Mikroplastik kirliliği, çevresel tehditlerin en hızlı yayılan ve en az fark edilen sorunlarından biri olmaya devam ediyor. Plastiklerin doğada yıllarca parçalanmadan kalabilmesi, mikroplastiklerin her geçen gün daha geniş bir alana yayılmasına yol açıyor. Mikroplastikler, 5 milimetreden daha küçük boyutlardaki plastik parçacıkları ifade eder ve bu küçük maddeler, denizlerin, göllerin, nehirlerin yanı sıra havada da bulunabiliyor.
Kanserojen ve hormonal tehdit
Sivas Cumhuriyet Üniversitesi Mühendislik Fakültesi Çevre Mühendisliği Bölümü Öğretim Üyesi Prof. Dr. Meltem Sarıoğlu Cebeci, mikroplastiklerin insan sağlığı üzerindeki olumsuz etkilerini vurguladı. Özellikle deniz canlılarının mikroplastikleri besin olarak tüketmesiyle, bu plastik parçacıklarının balıklarda ve diğer deniz ürünlerinde birikmeye başladığını belirten Cebeci, "Bunları tükettiğimizde ise uzun vadede kanserojen ve hormonal bozulmalara neden olabilecek maddeleri vücudumuza alıyoruz," dedi.
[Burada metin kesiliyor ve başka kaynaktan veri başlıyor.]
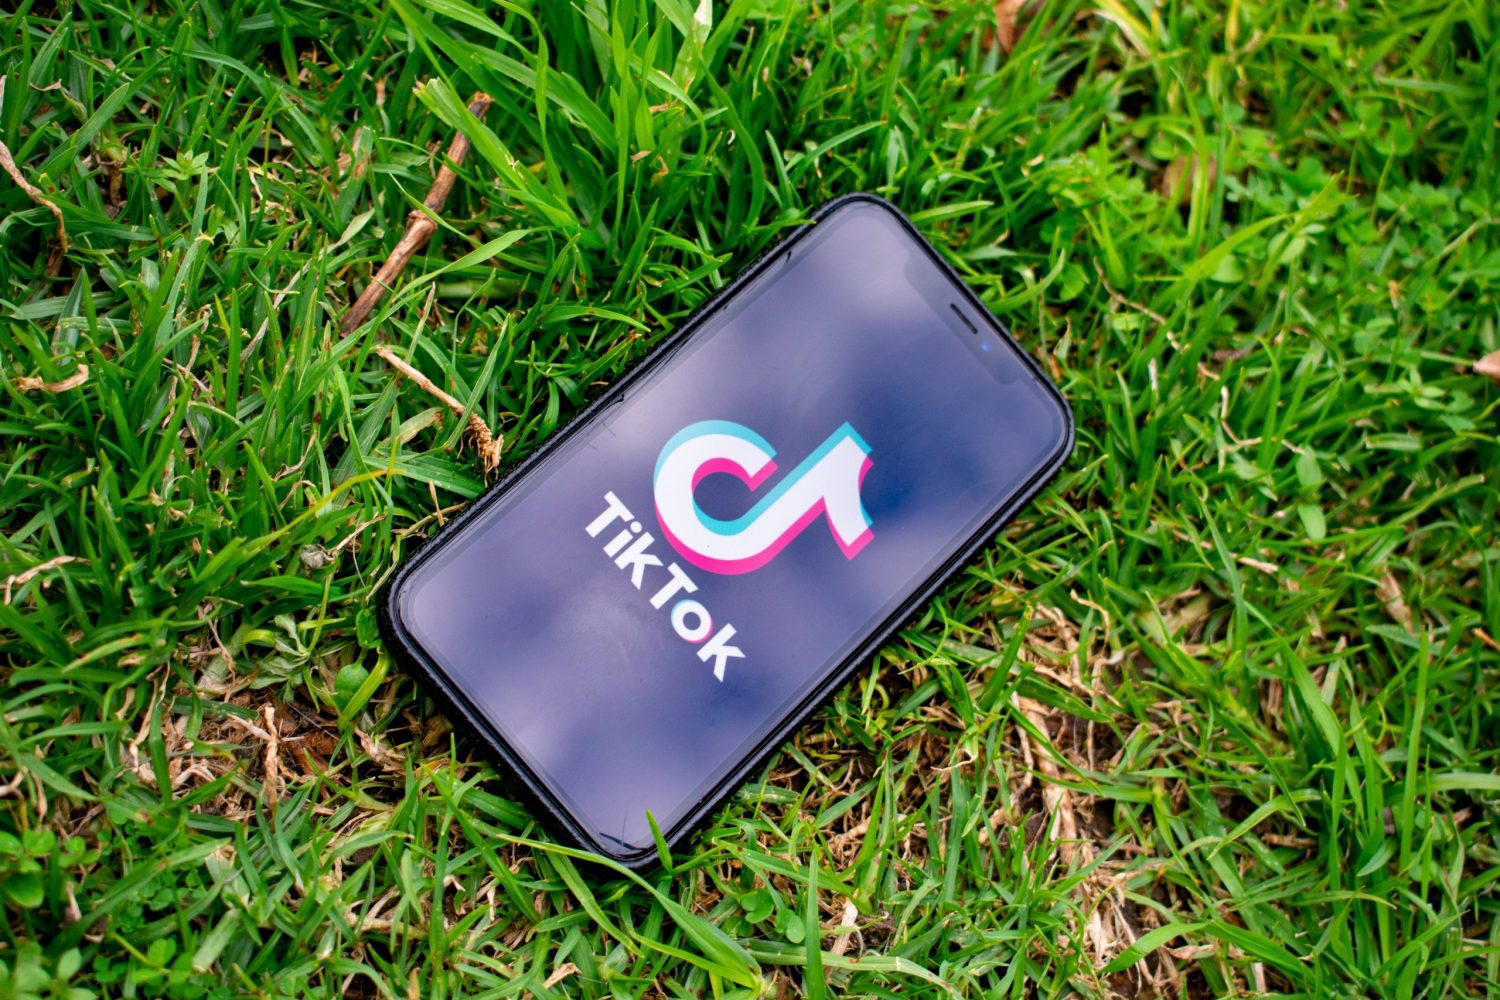 iPhone displaying the TikTok app

Mikroplastikler nerelerde bulunuyor?
Türkiye’de de mikroplastiklerle ilgili çalışmalar hız kazanmış durumda. Cebeci, mikroplastiklerin yalnızca denizlerde değil, musluk sularında, gıdalarda ve kozmetik ürünlerde de tespit edildiğini söyledi. "Mikroplastikler, özellikle tek kullanımlık plastik ürünlerin doğada uzun süre kalmasının ardından parçalanarak meydana geliyor. Ayrıca, kozmetik ürünlerdeki jeller ve peeling malzemeleri de mikroplastiklerin yayılmasına neden oluyor," diyerek, bu sorunun her geçen gün arttığına dikkat çekti.
Çözüm önerisi: Biyoçözünür plastik üretimi
Avrupa, 2023 yılında tek kullanımlık plastikleri yasaklarken, biyolojik olarak çözünebilen plastiklerin üretimi için çalışmalarına hız verdi. Prof. Dr. Cebeci, Türkiye’de de benzer adımların atılması gerektiğini belirtti. "Standart plastikler yerine doğada çözünebilen biyoçözünür plastiklerin üretimi her alanda artırılmalı," diyerek, bu konuda yapılacak düzenlemelerin önemine vurgu yaptı.